Во-первых, с точки зрения традиционных представлений о реформаторстве, главной особенностью билля о реформе было отсутствие самой реформы. Его обсуждение было связано с громадным приливом народного энтузиазма, но когда люди столкнулись с законодательно оформленным биллем, энтузиазм схлынул. Билль предоставил избирательные права среднему классу, но лишил прав определенные группы трудящихся классов. Это заметно сказалось на балансе консервативных сил и опасно-революционных элементов – правящий класс стал куда сильнее, чем был до того.
Тем не менее эта дата важна, но не потому, что она дает отсчет началу демократии в нашей стране, -нет, она важна потому, что служит точкой отсчета в применении лучшего из когда-либо придуманных методов уклонения от демократии.

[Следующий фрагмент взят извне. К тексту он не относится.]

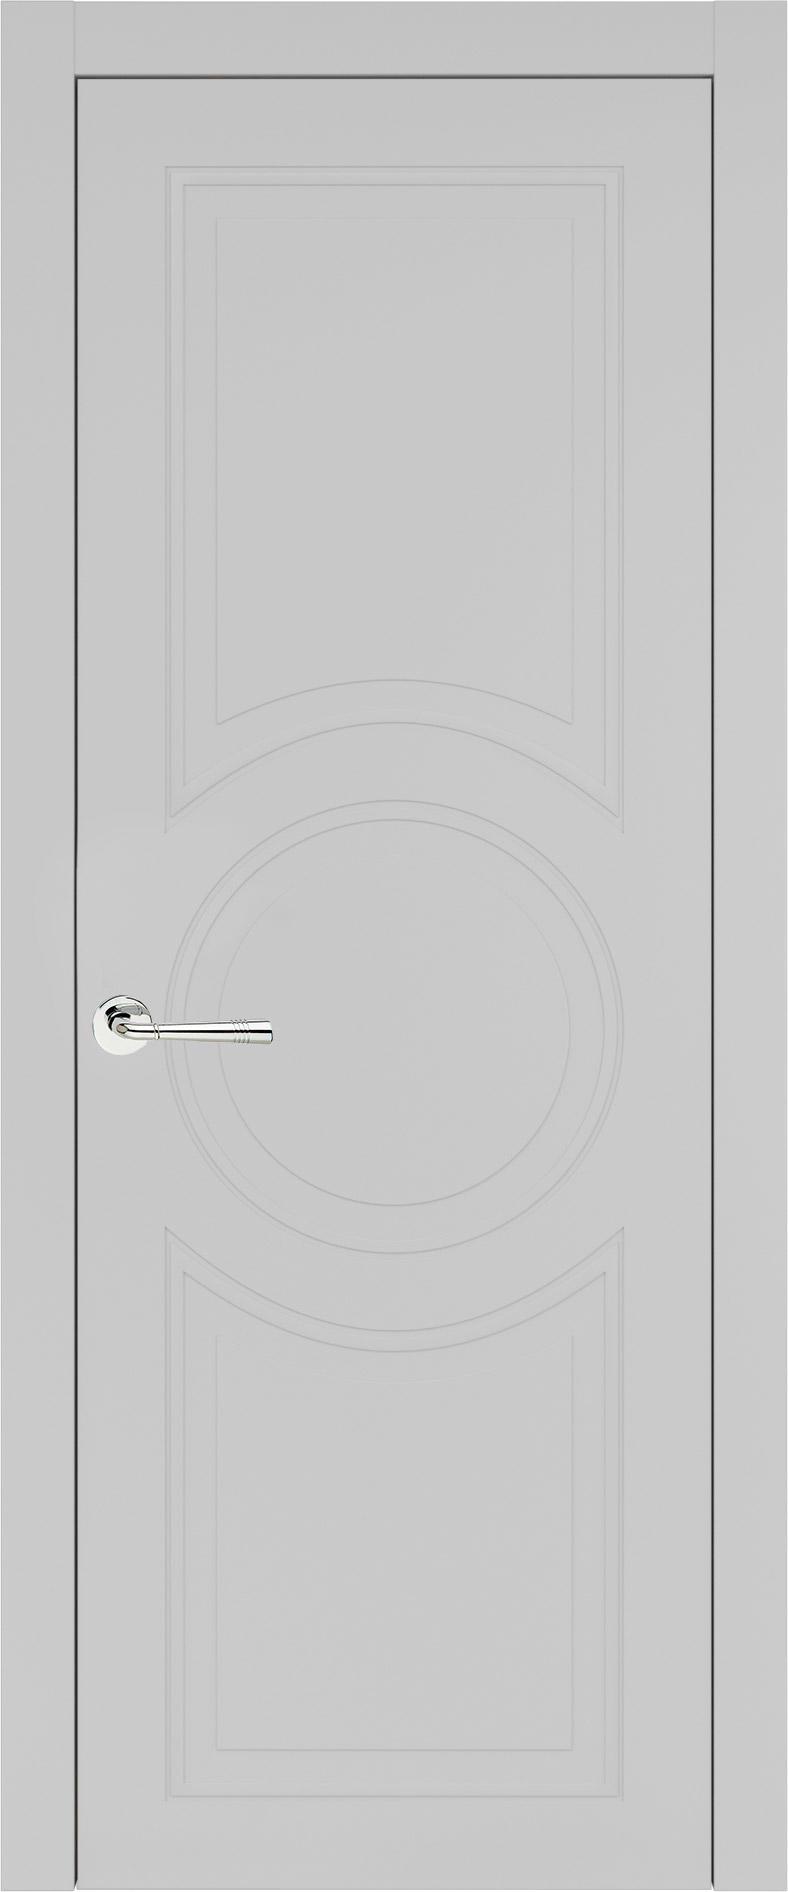 Ravenna Neo Classic цвет - Серая эмаль (RAL 7047) Без стекла (ДГ)

Именно с этого билля началась практика гомеопатического лечения общества от революции, столь часто с тех пор оказывавшегося успешным.
Уже в следующем поколении Дизраэли – блестящий еврейский авантюрист, ставший символом того, что английская аристократия более не является подлинно английской – дал право голоса и мастеровым. Разумеется, лишь частично. Это был партийный ход против его соперника, Гладстона, но в куда большей степени – реализация испытанного метода народного подавления: сперва значительно усилить гнет, затем немного его ослабить. Политики сказали трудящимся классам, что те уже достаточно сильны и потому могут голосовать. Вернее было бы сказать, что теперь трудящиеся классы достаточно слабы, и именно поэтому им позволено голосовать.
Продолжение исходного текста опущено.